Floyd Mayweather Has Rematch Clause With Robert Guerrero

Floyd “Money” Mayweather Jr. admitted this week what many have long suspected — that he handpicks every opponent who enters the ring with him.

He also decides how much they get paid and what the contract details will be. So Robert Guerrero was somewhat prepared when Mayweather picked him to be the opponent for his first fight in a year on Saturday night at the MGM Grand hotel.

What he wasn’t prepared for was what Mayweather’s camp insisted on putting in the contract.

“He asked for a rematch clause. That was the very first thing,” Guerrero said. “It just shows me where his head is at.”

Mayweather’s thinking has, of course, been the topic of many conversations over the years. When he fought last May against Miguel Cotto, the worry among his fans was that he would be distracted by an upcoming jail sentence, though that turned out to be unfounded.

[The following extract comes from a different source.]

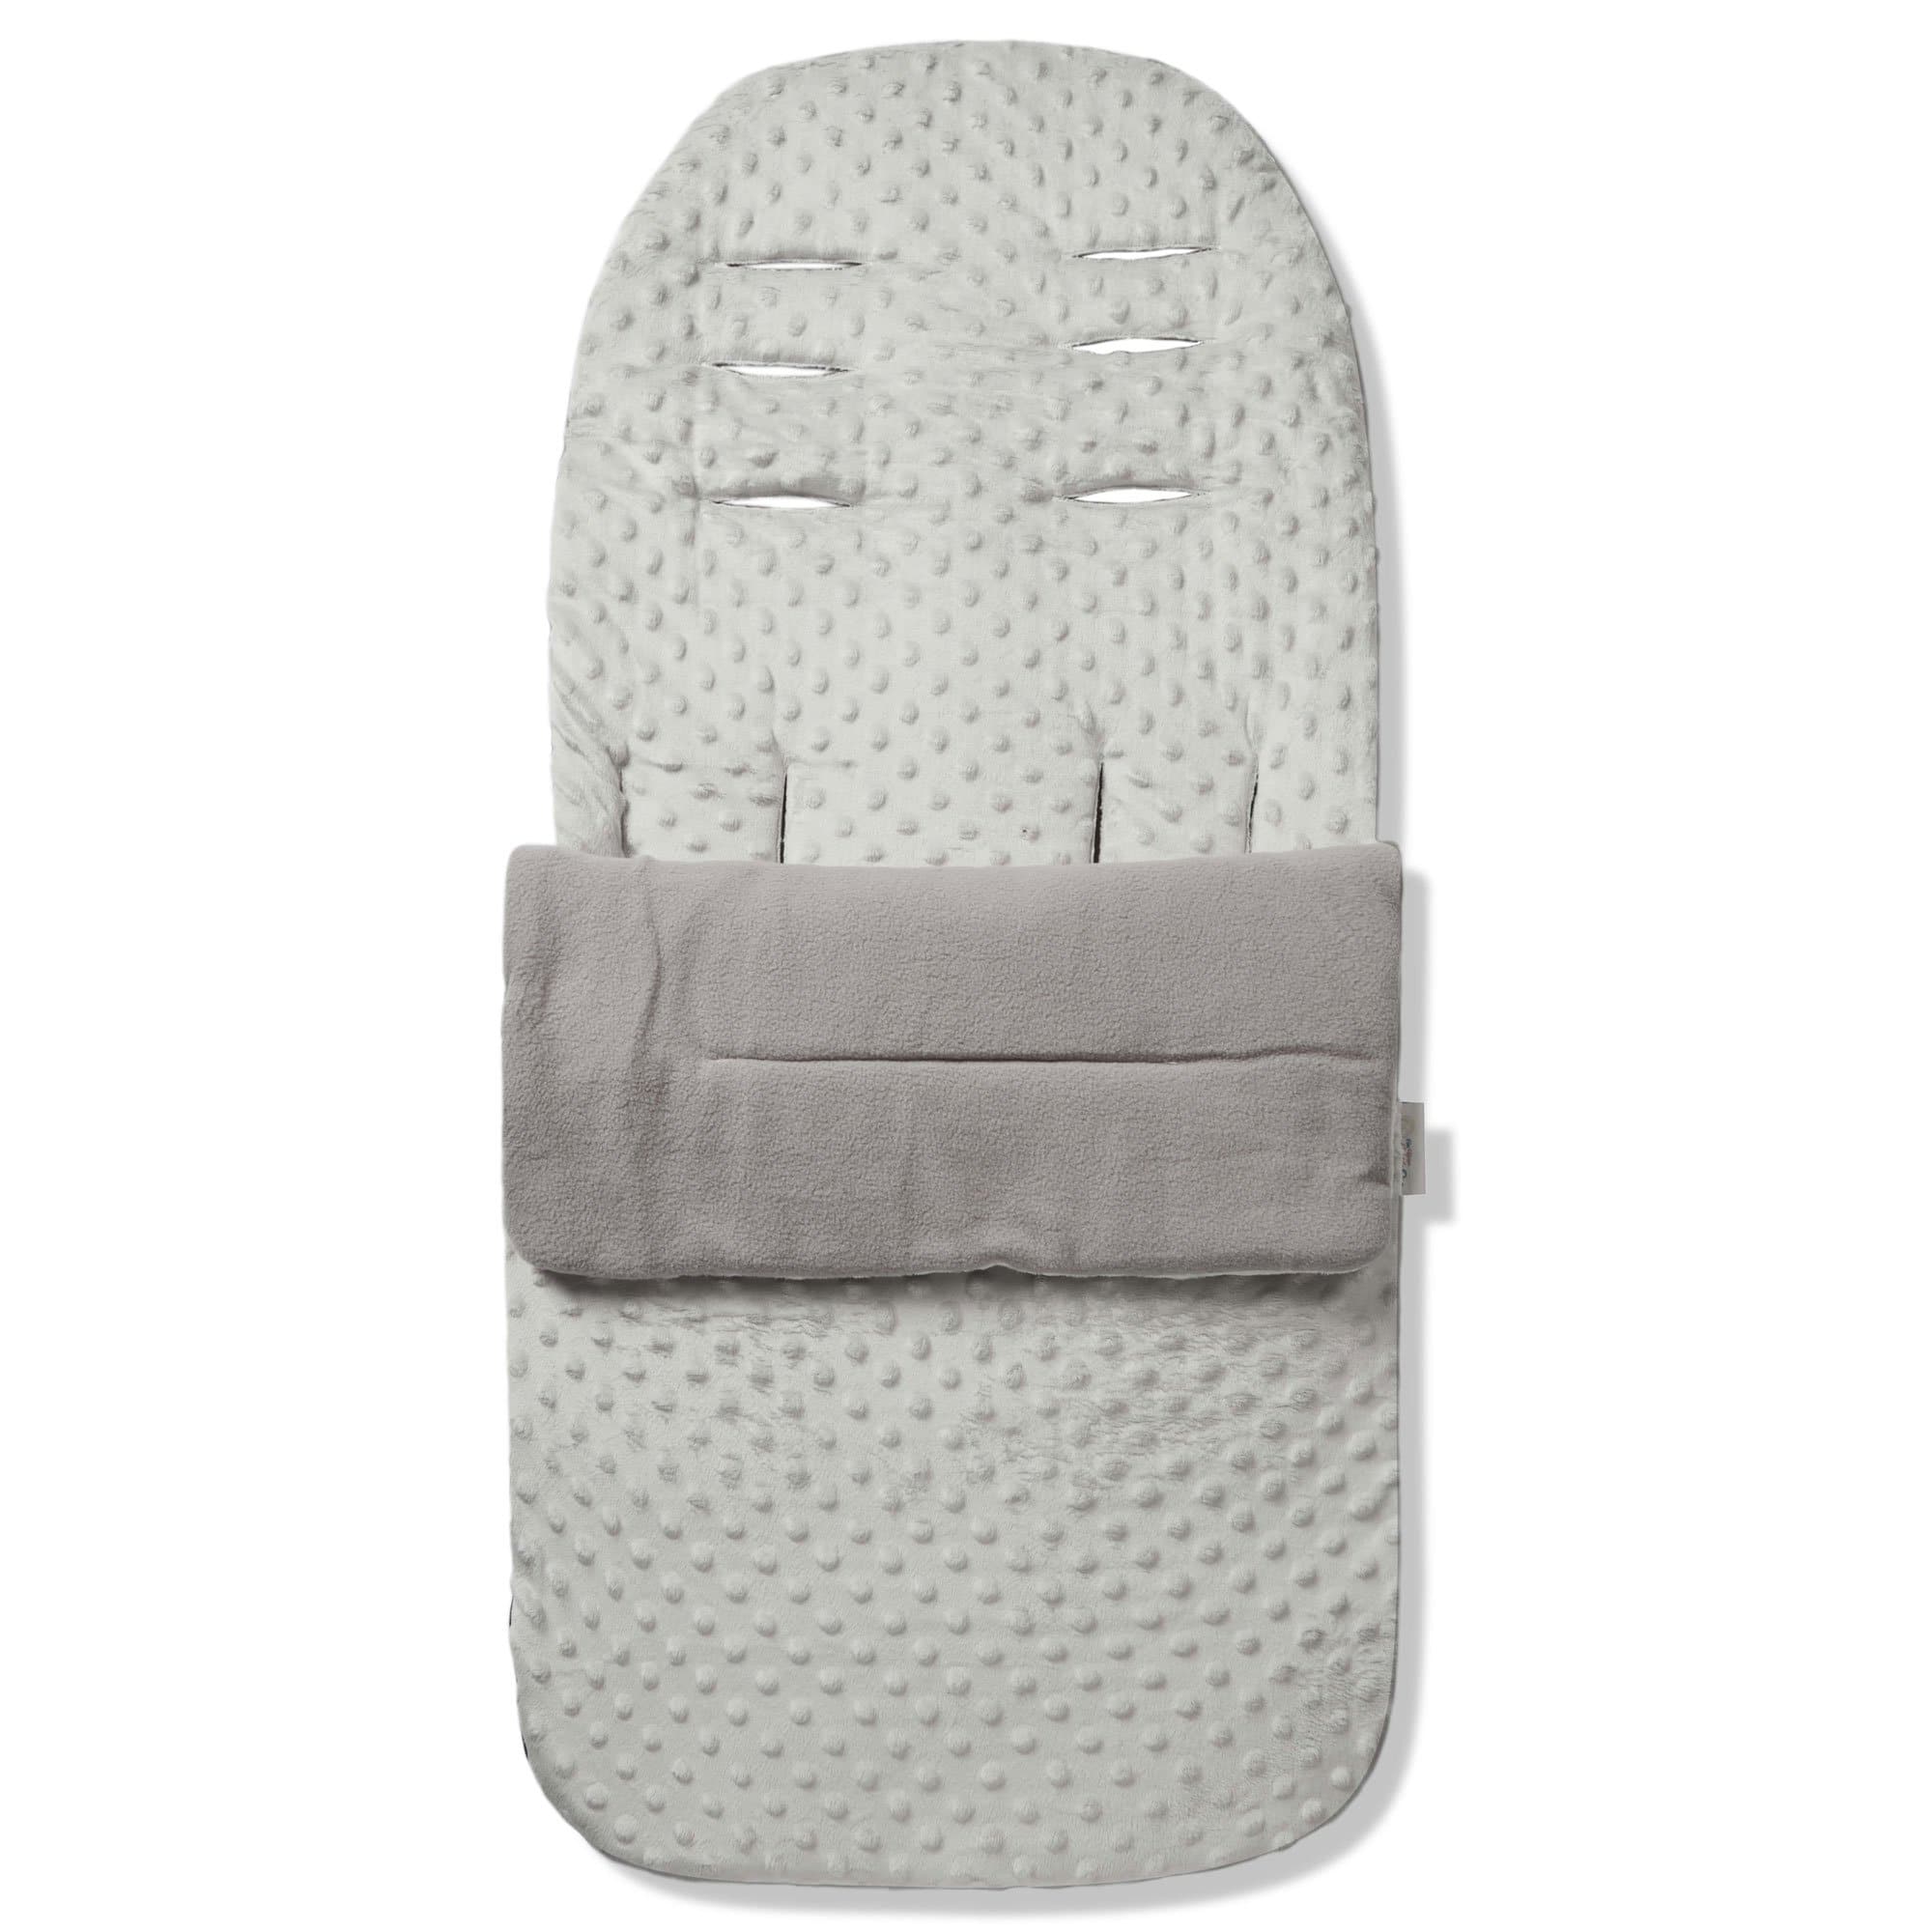 Dimple Footmuff / Cosy Toes Compatible with Graco - Grey / Fits All Models | For Your Little One

Talk to Mayweather now, and his head seems to be fine. So, too, are his reflexes at the age of 36, at least judged by a sparring session last week where he practiced landing right-hand leads against a fighter mimicking Guerrero’s southpaw style.

He has to lose sometime, because nearly every fighter not named Rocky Marciano lost at some point in their career. But Mayweather has a new six-fight television deal that should cement his status as the world’s highest paid athlete, and he doesn’t seem terribly concerned about a loss or a possible rematch of their welterweight title fight.

“I’ve done this my whole life,” Mayweather said. “This is what I love to do.”

Though Mayweather sees Guerrero as just the latest opponent for yet another huge payday, Guerrero sees things quite differently. He believes he is the fighter who will be the first to beat Mayweather, and he’s eager to earn both the recognition and the money that would come with such a win.

At the final pre-fight news conference Wednesday, he said Mayweather made a mistake by picking him as an opponent.

“They talk about this as Floyd Mayweather’s home,” Guerrero said. “Well, this is a home invasion.”

Oddsmakers don’t share Guerrero’s confidence, making the former champion in three weight classes a decided underdog in the biggest fight of his career. But the once-beaten (31-1-1) fighter from Gilroy, Calif., said he’s been underestimated his entire career.

“The only thing that means something is what you do in that ring,” he said. “I just can’t wait to get in that ring.”